▶ Exercise requirements:
Please repeat only the lines below starting at the line that holds "David Licata Abstract" and ending at the line that holds "Paris, Louvre pyramid at sunset Stock Photo", exactly, with both of those lines included and every picture omitted.

··· Given data

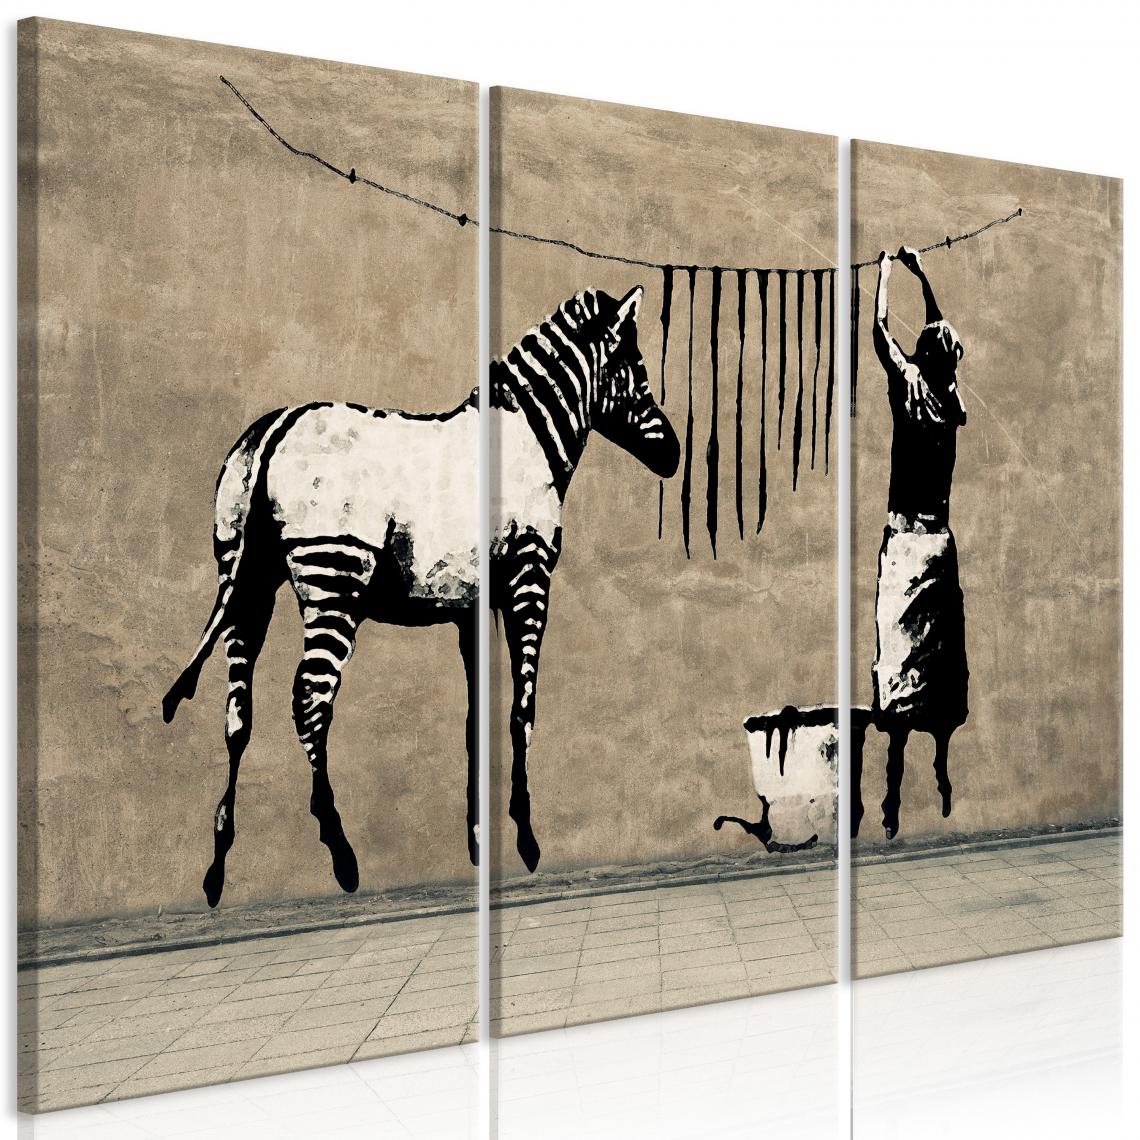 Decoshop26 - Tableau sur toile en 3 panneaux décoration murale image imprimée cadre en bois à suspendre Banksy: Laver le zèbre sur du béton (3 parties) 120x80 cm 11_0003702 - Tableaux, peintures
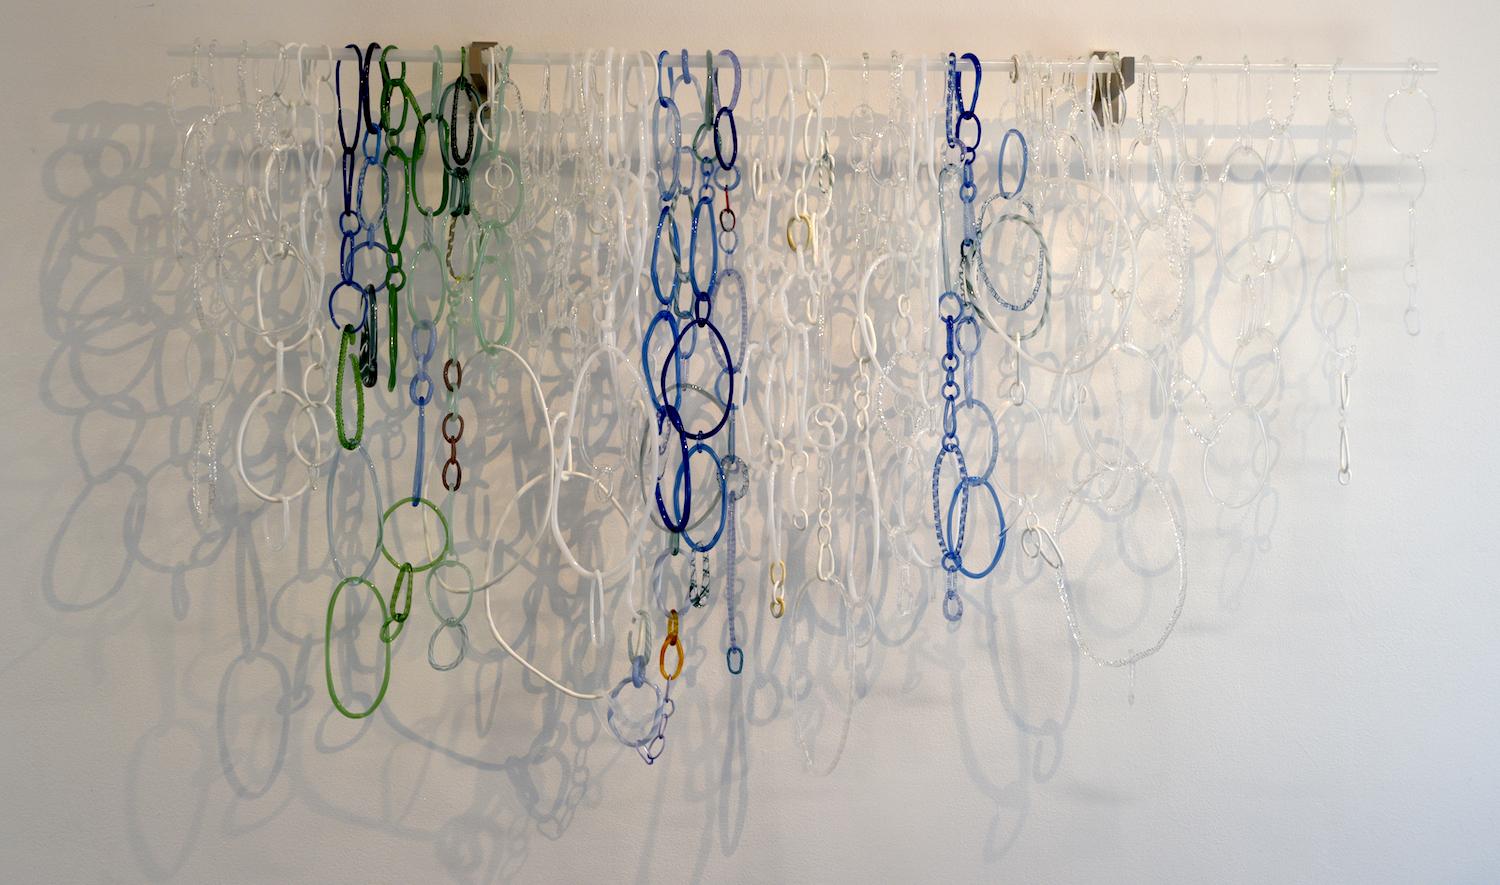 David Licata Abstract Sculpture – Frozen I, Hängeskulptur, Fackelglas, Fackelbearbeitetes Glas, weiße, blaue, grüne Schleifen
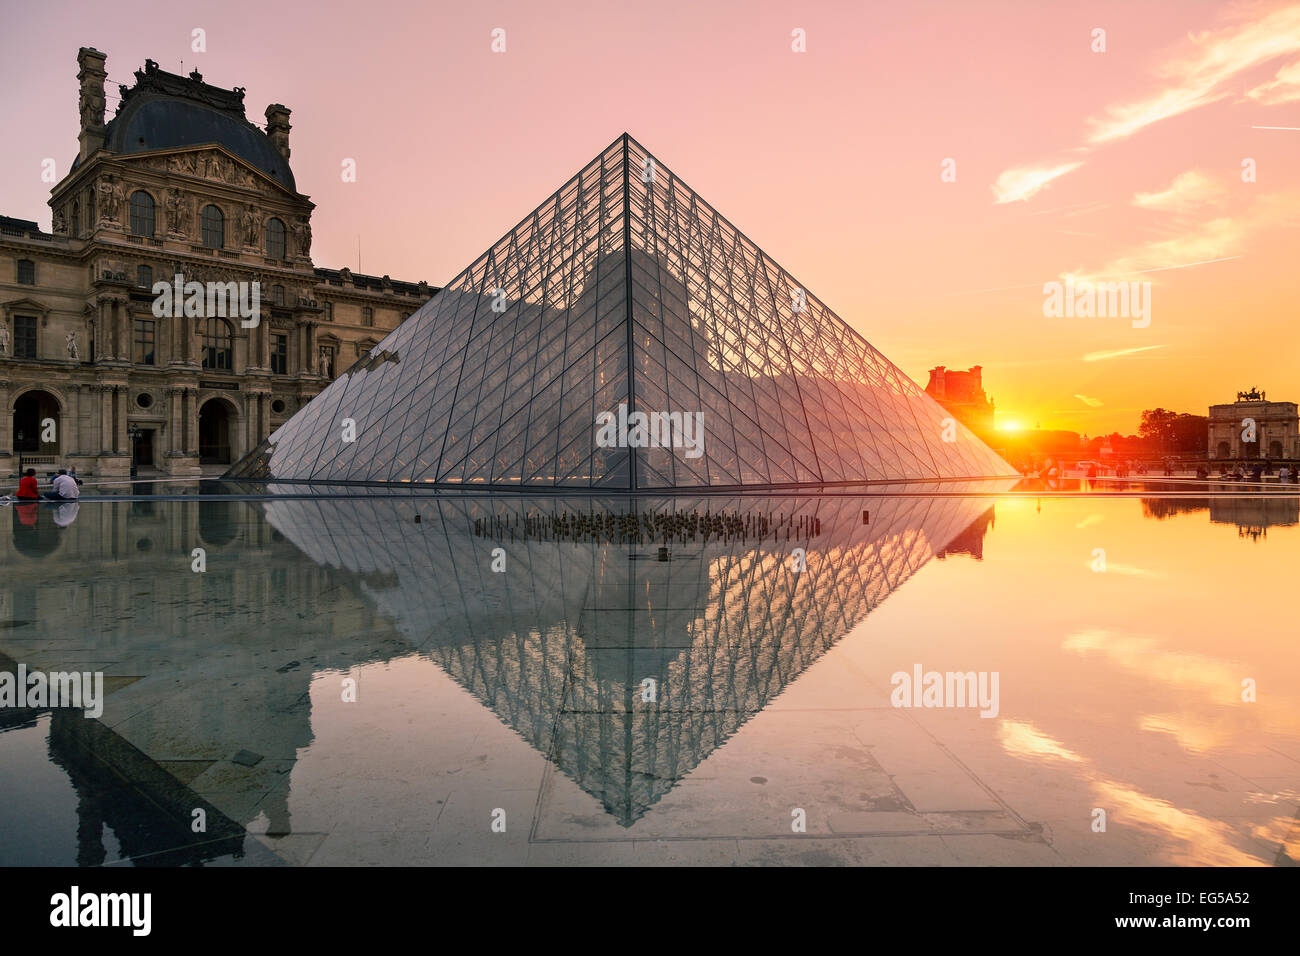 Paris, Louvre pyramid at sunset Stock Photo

······
··· Given data

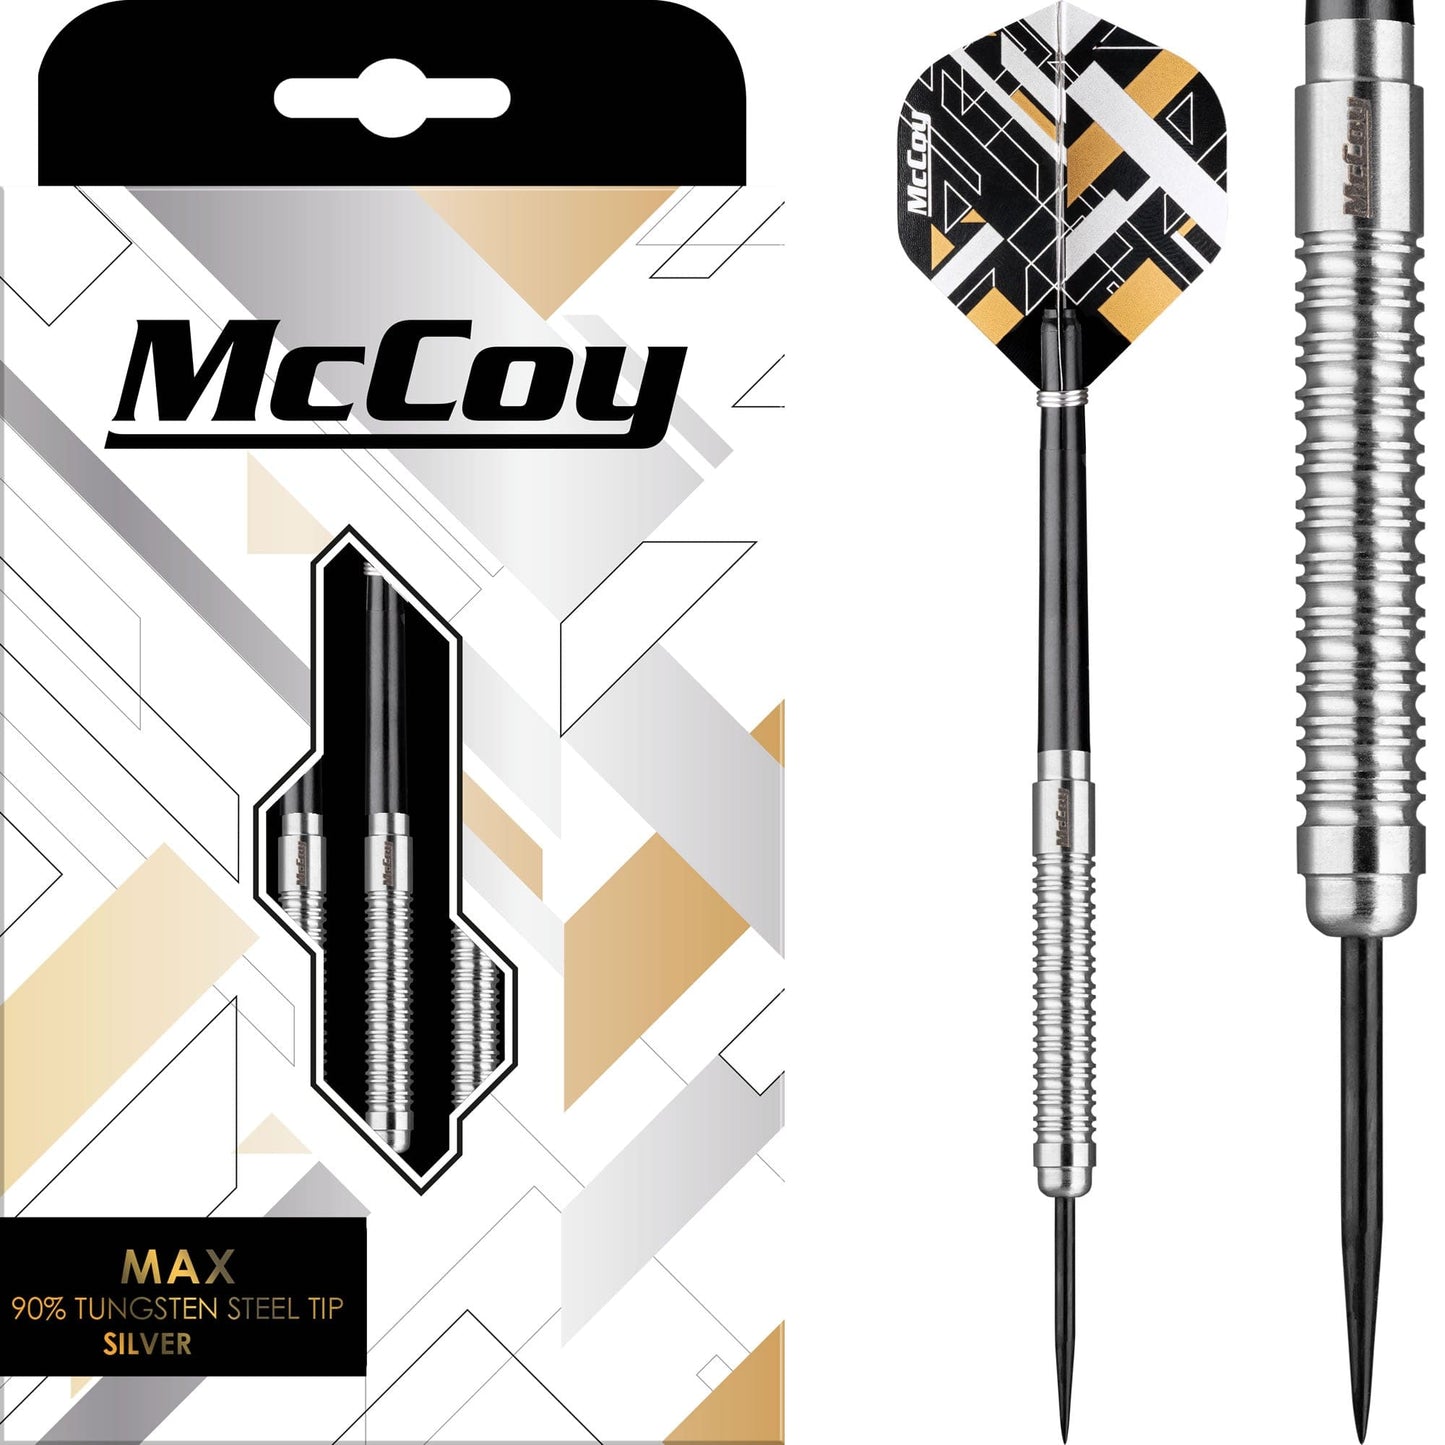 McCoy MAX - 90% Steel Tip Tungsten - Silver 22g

······

▶ Answer to the exercise:
 David Licata Abstract Sculpture – Frozen I, Hängeskulptur, Fackelglas, Fackelbearbeitetes Glas, weiße, blaue, grüne Schleifen
 Paris, Louvre pyramid at sunset Stock Photo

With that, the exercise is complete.